* [EXERCISE DESCRIPTION] Scan the records below for the line with "hubspot-source-logo.png" and the line with "PS4 虛擬實境裝置 PlayStation", and retype that range exactly, both ends included, pictures excepted.

* [RECORDS SUPPLIED]
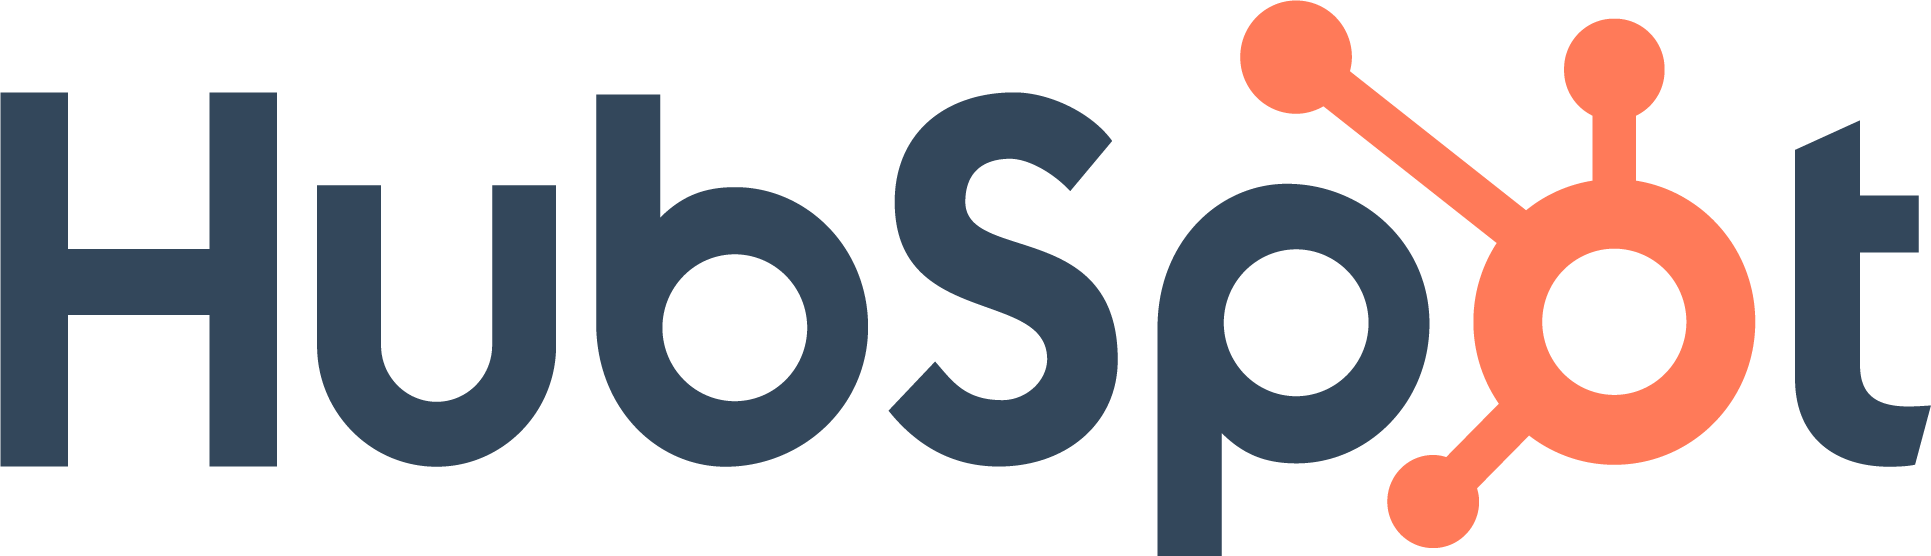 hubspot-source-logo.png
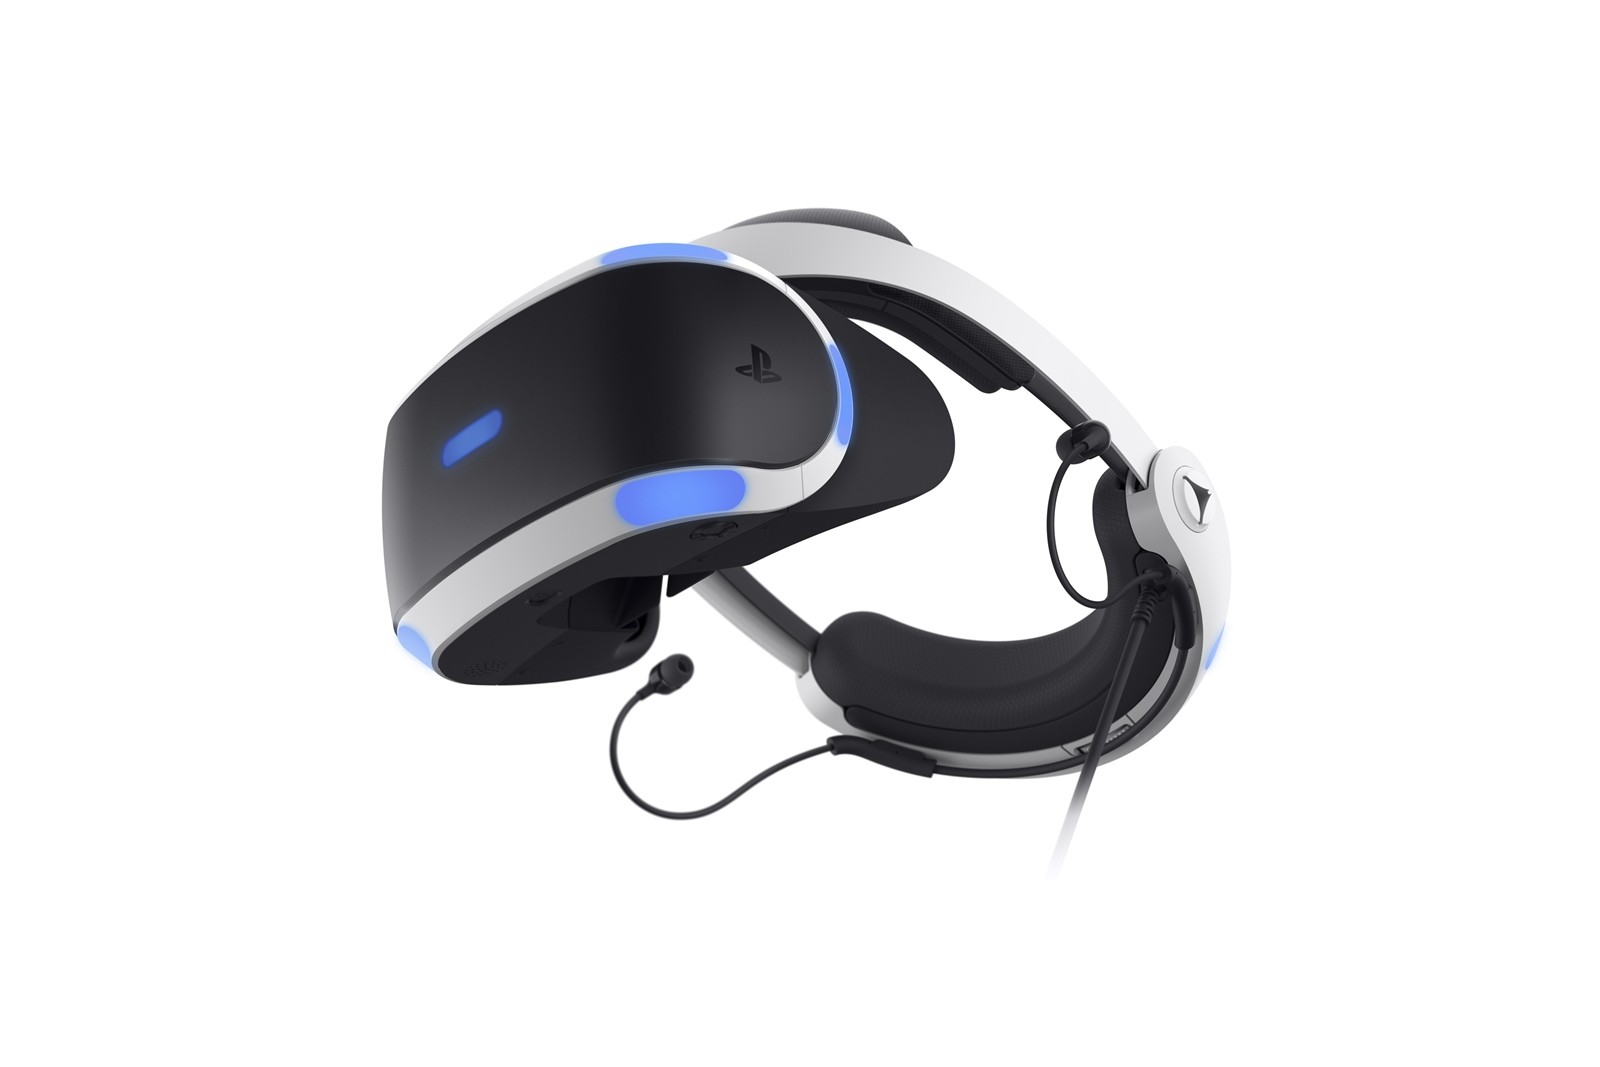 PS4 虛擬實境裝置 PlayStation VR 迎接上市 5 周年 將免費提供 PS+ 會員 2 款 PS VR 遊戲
* * *
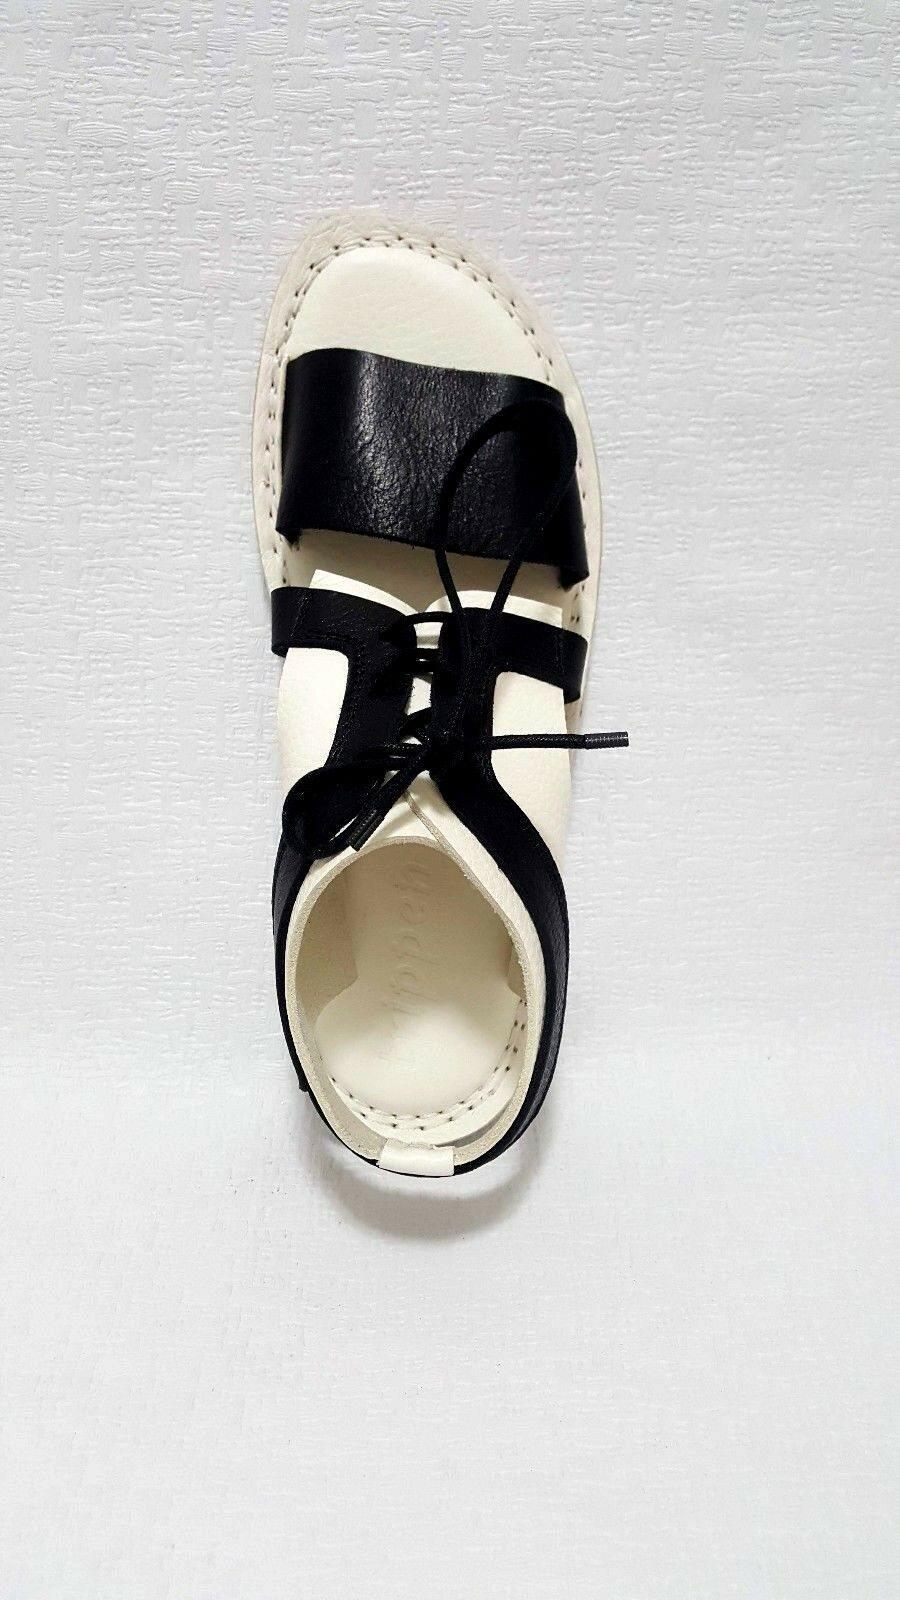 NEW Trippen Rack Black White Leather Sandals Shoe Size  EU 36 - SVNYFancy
---
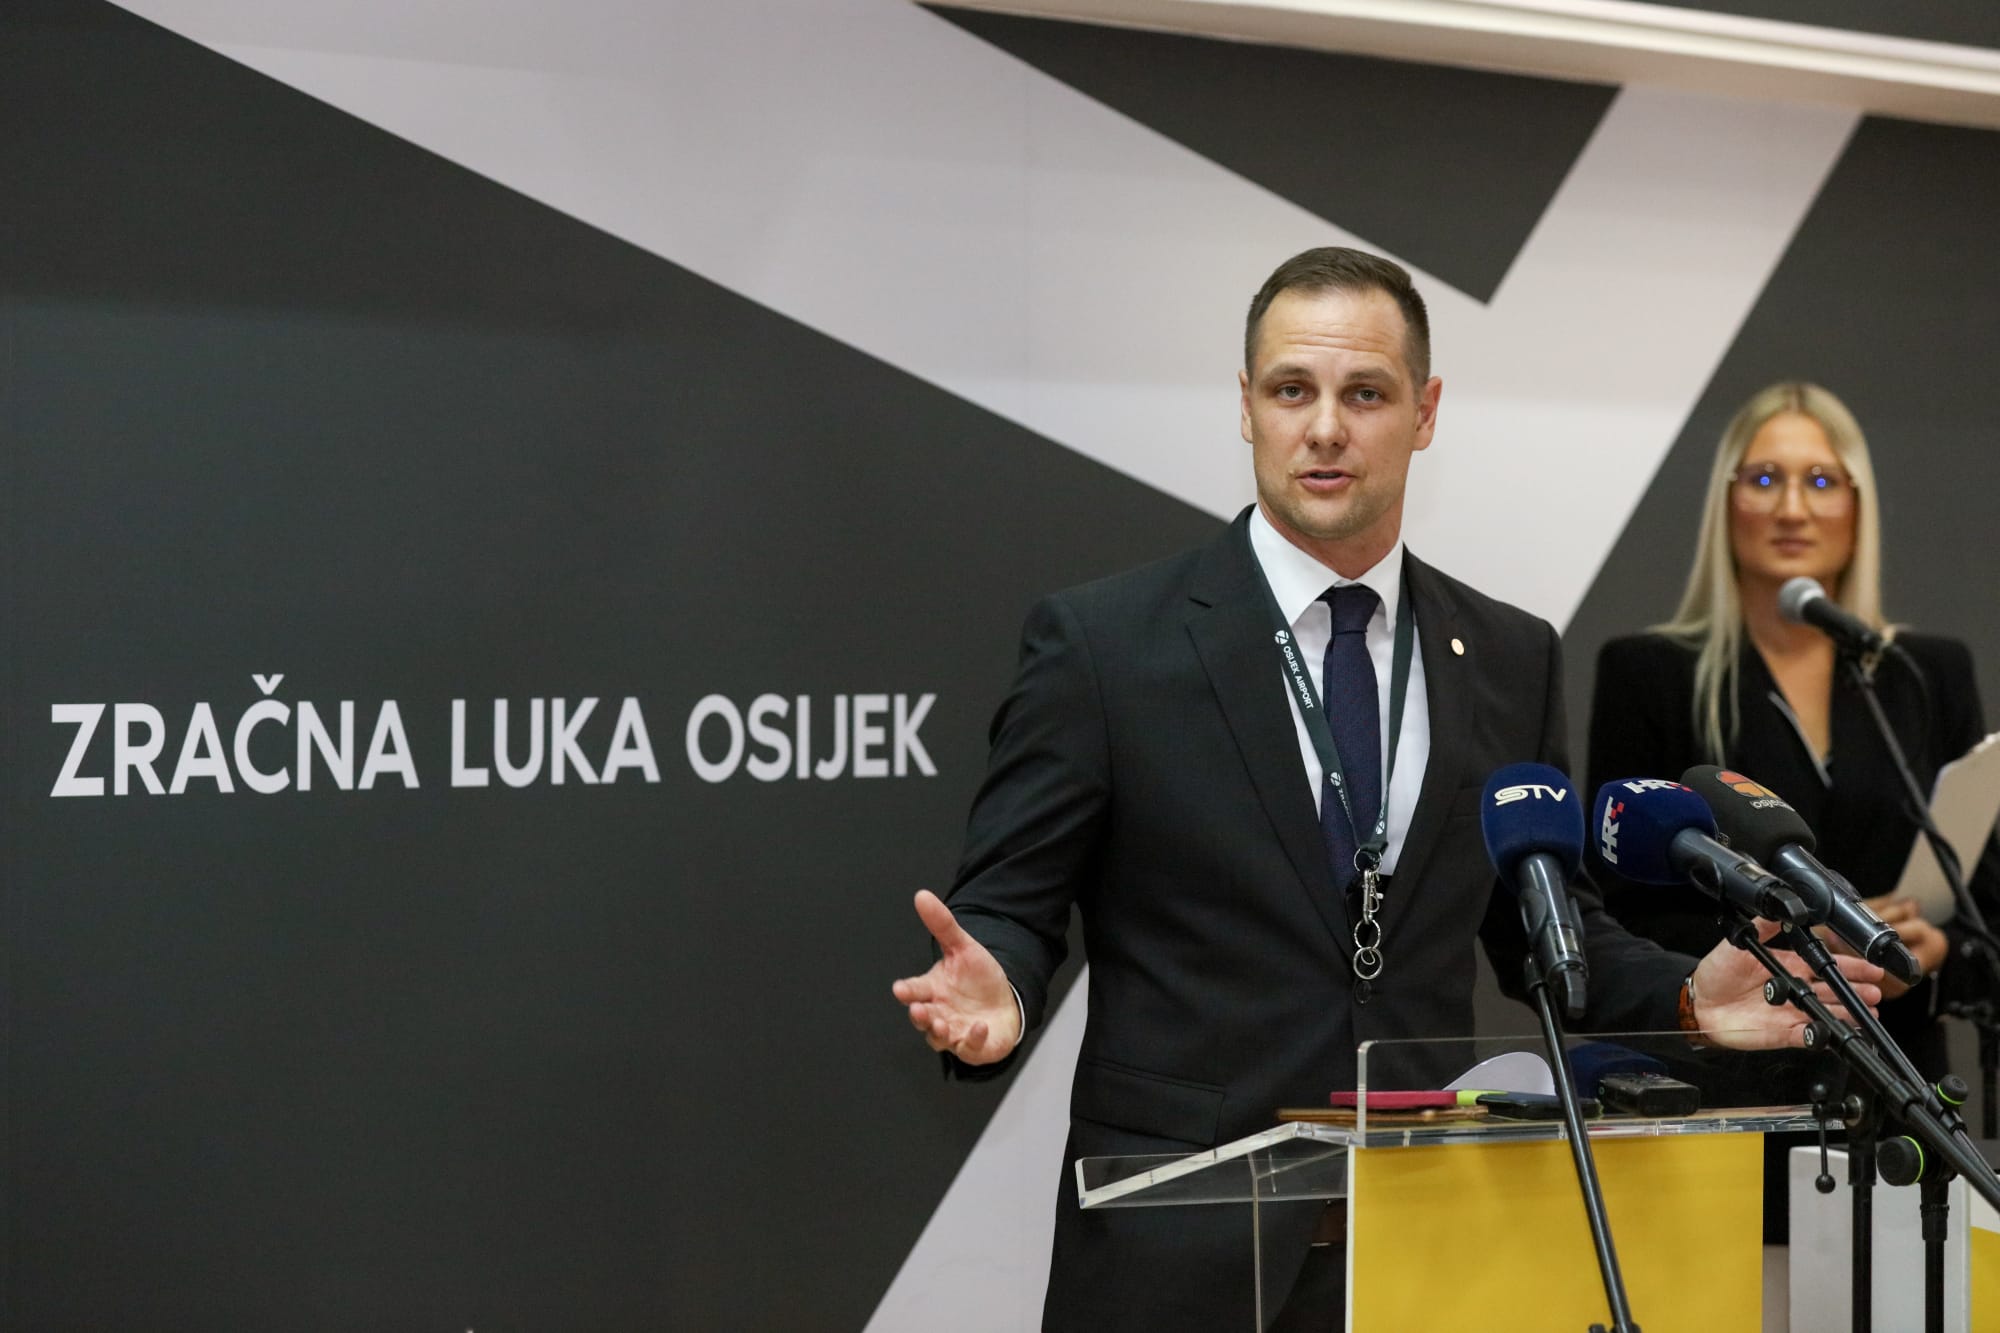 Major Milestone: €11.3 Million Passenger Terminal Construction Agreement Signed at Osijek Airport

* [EXERCISE RESPONSE]
 hubspot-source-logo.png
 PS4 虛擬實境裝置 PlayStation VR 迎接上市 5 周年 將免費提供 PS+ 會員 2 款 PS VR 遊戲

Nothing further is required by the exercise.